**DATA BELOW:**

######

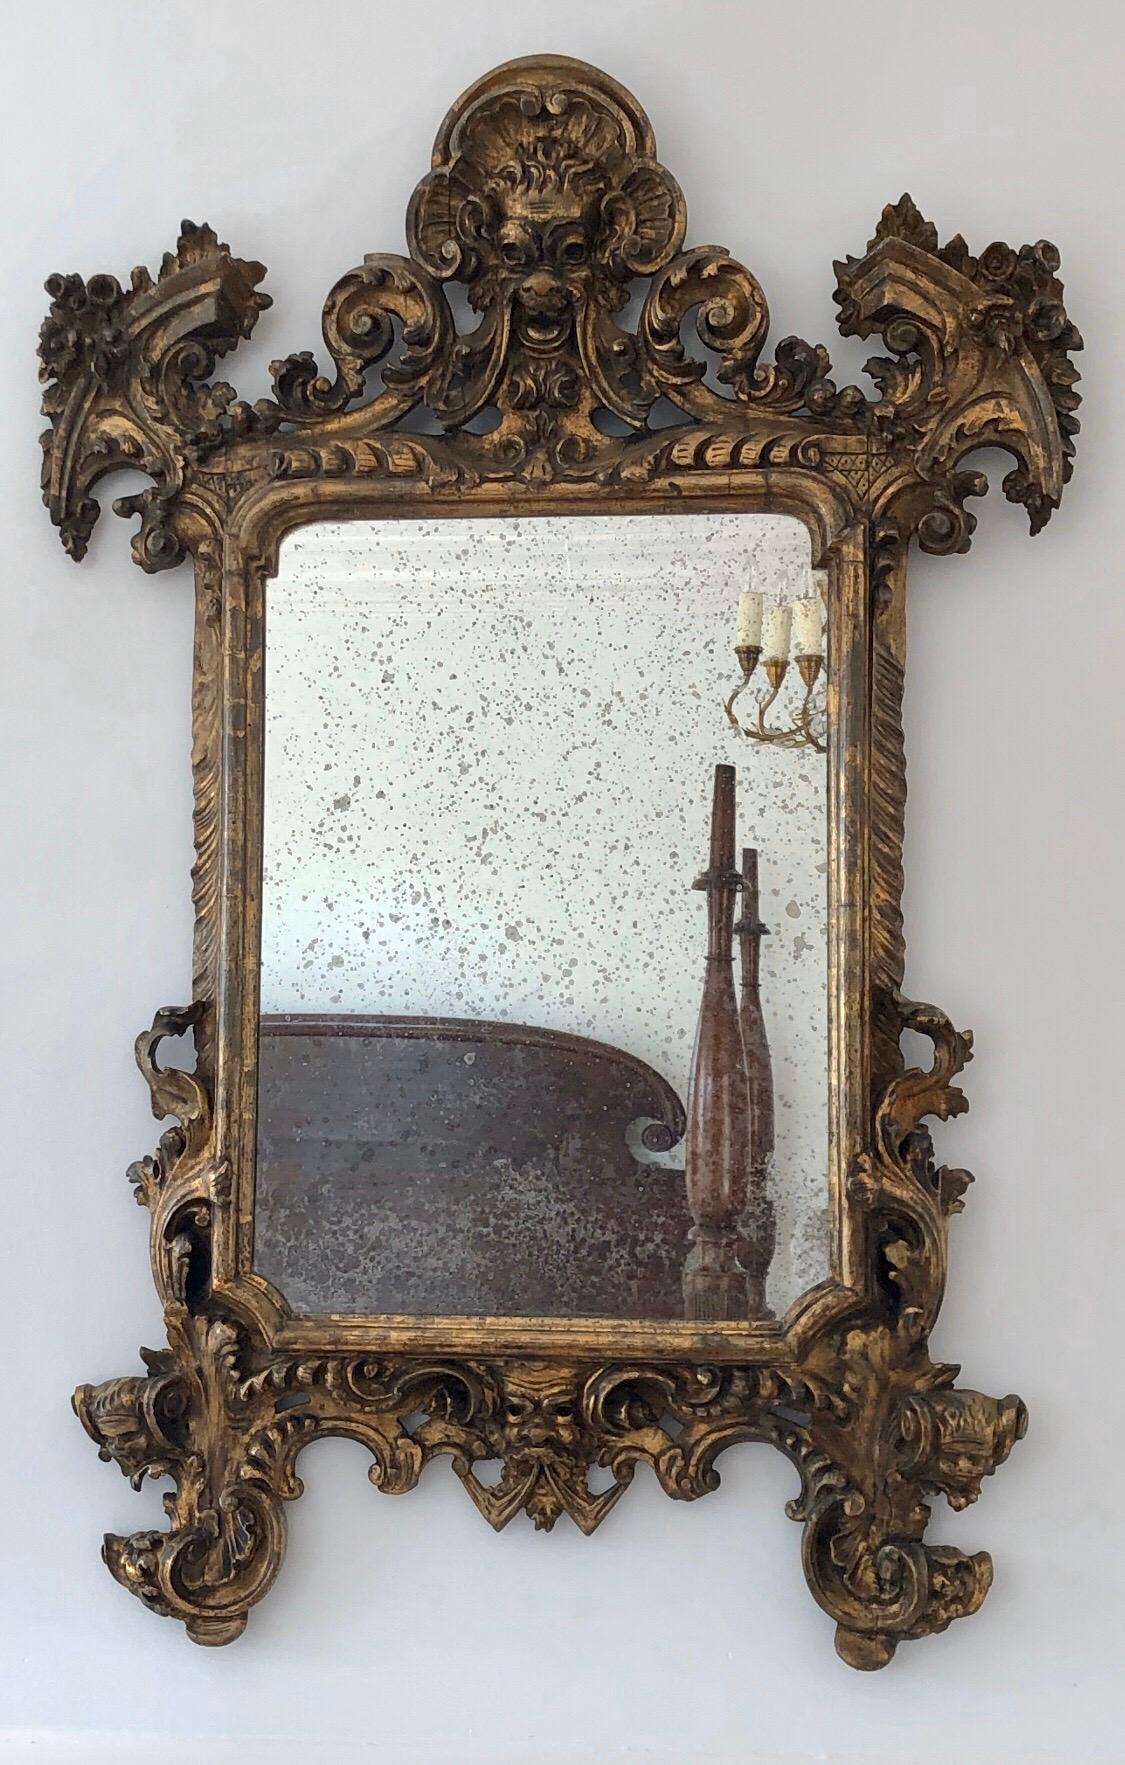 Dieser italienische Spiegel aus vergoldetem Barockholz aus dem 18. Jahrhundert hat ein theatralisches Gesicht an der Spitze mit Schwänzen, die zu den Füllhorn-Ecken fließen. Der kühne Rahmen ist mit klassisch geschnitzten Schnörkeln versehen. Die
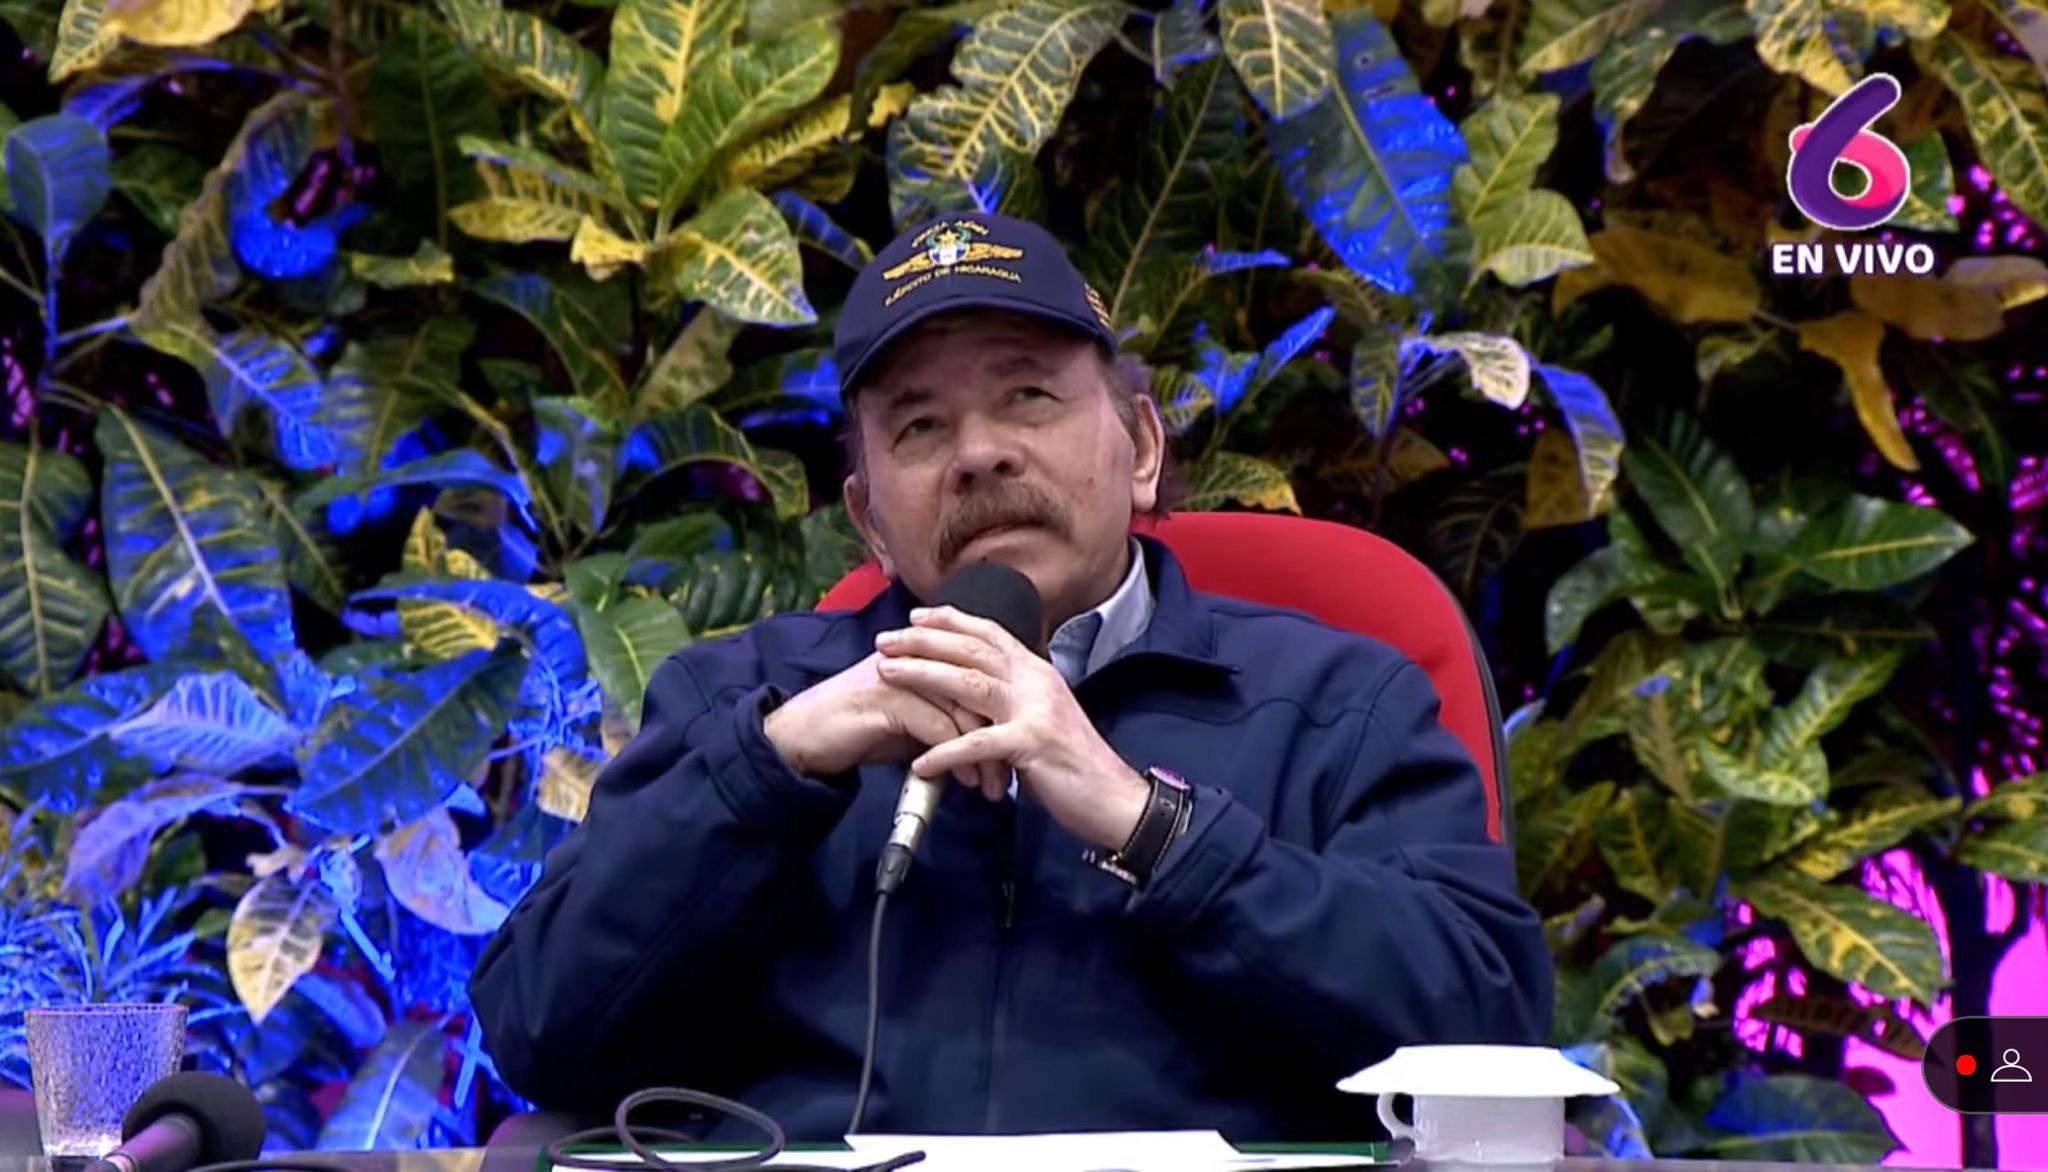 Daniel Ortega contro Usa e Nato: "Vogliono distruggere la Russia"
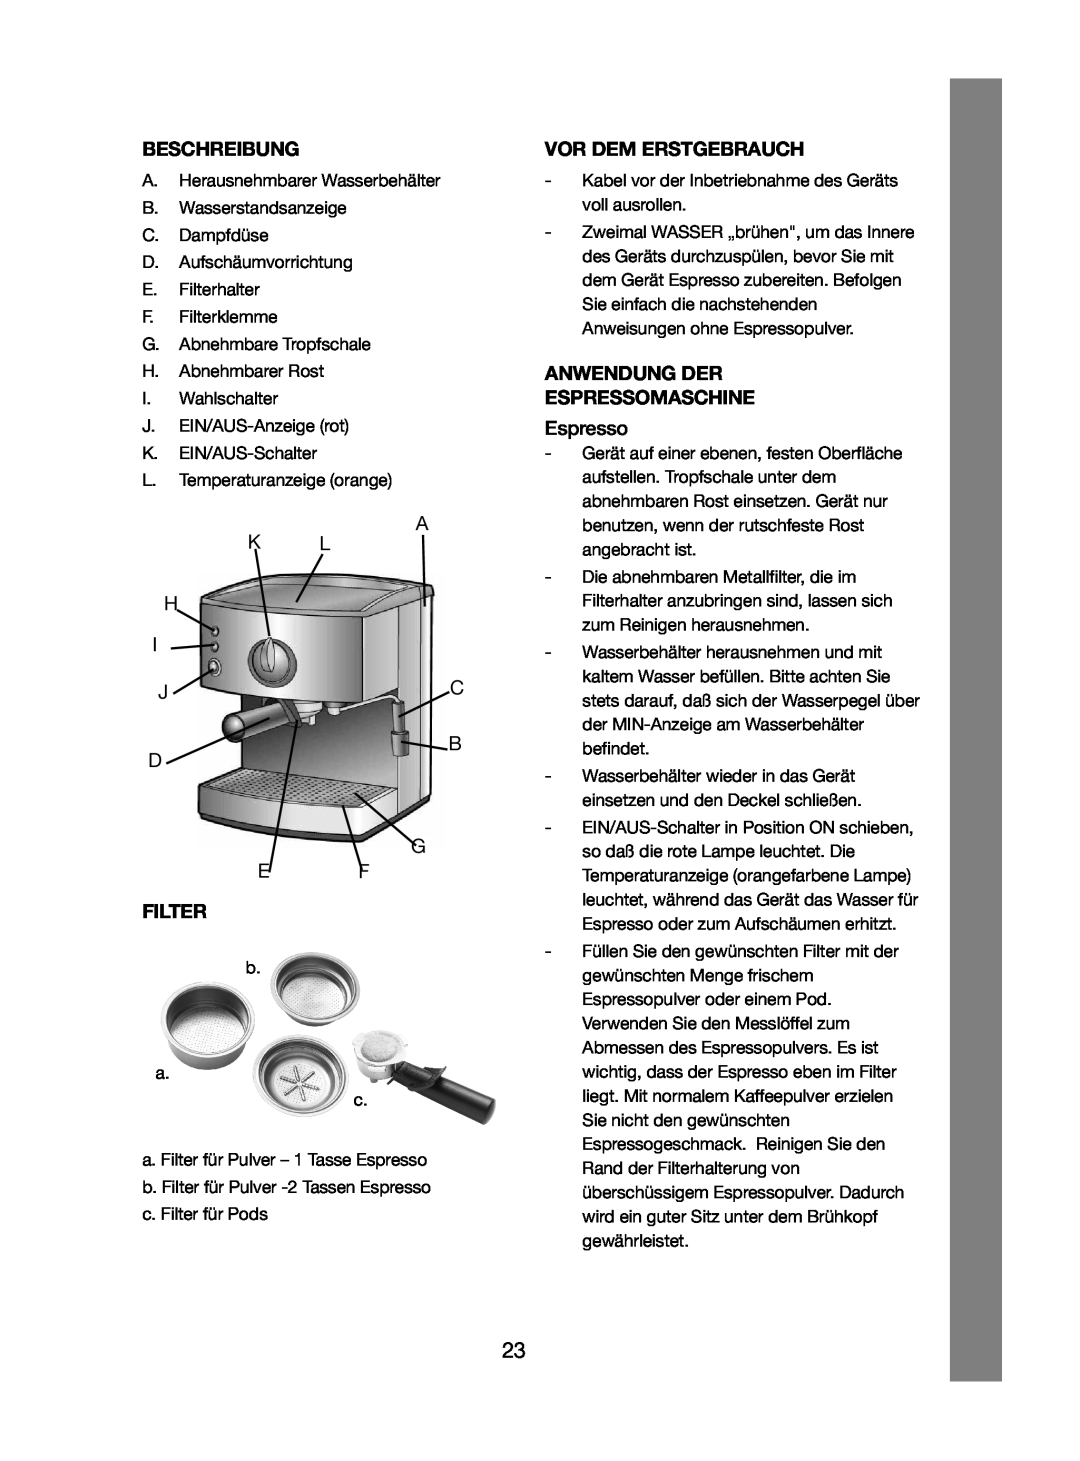 Melissa 245-032 manual Beschreibung, Vor Dem Erstgebrauch, Anwendung Der Espressomaschine, Filter 
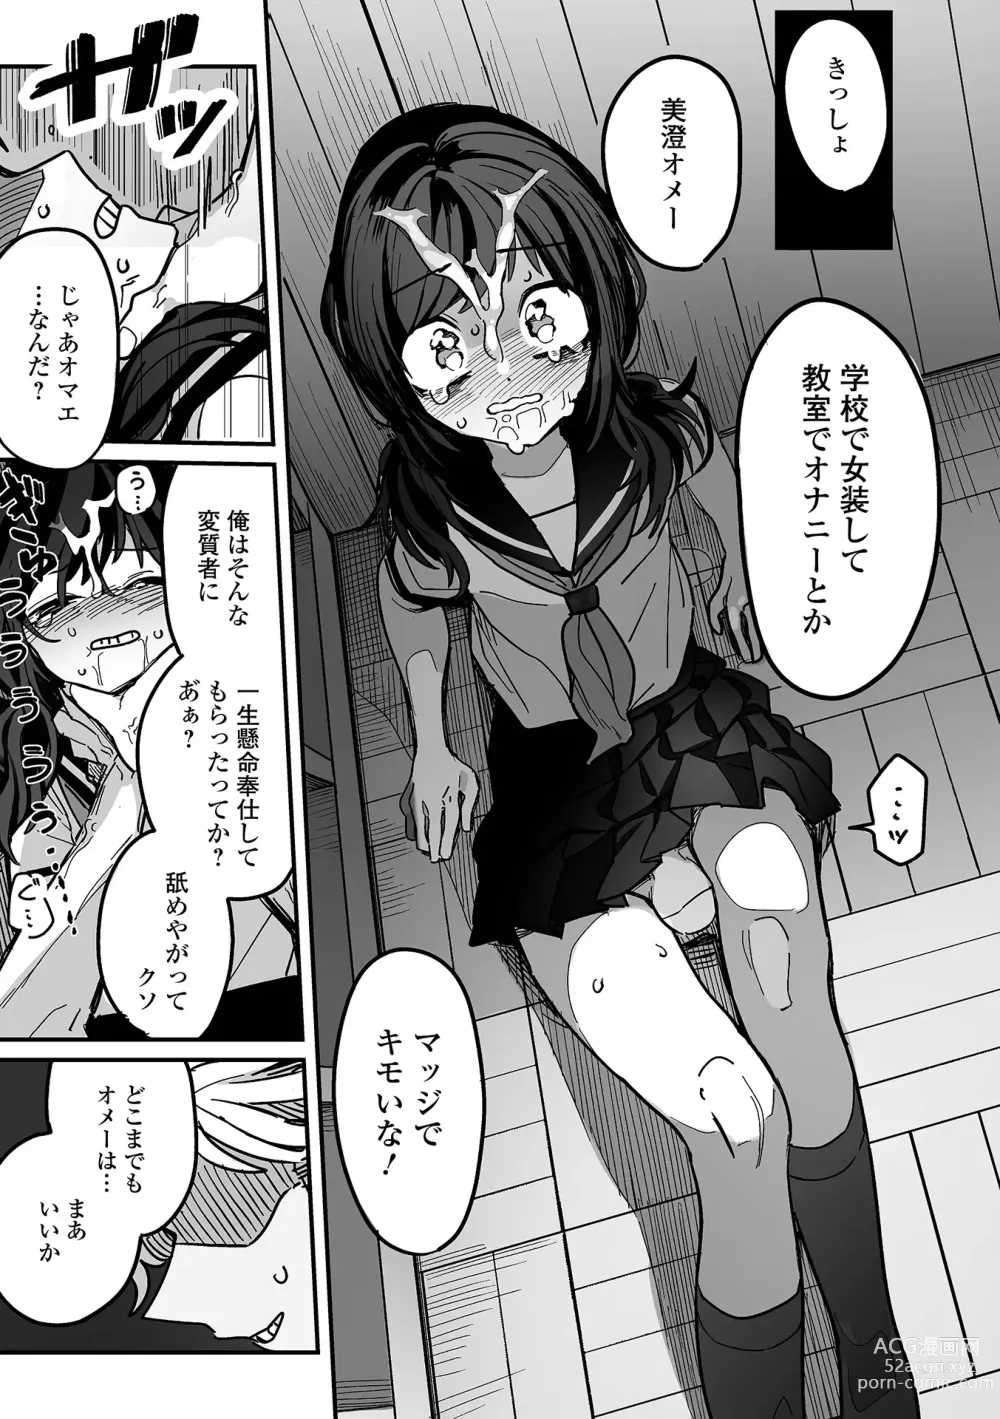 Page 95 of manga Gekkan Web Otoko no Ko-llection! S Vol. 94

######

Set out nothing but the lines from the line with "Melissa 245-032 manual" through the end of the material, reproduced exactly, both ends included, pictures omitted.

 Melissa 245-032 manual Beschreibung, Vor Dem Erstgebrauch, Anwendung Der Espressomaschine, Filter 
 Page 95 of manga Gekkan Web Otoko no Ko-llection! S Vol. 94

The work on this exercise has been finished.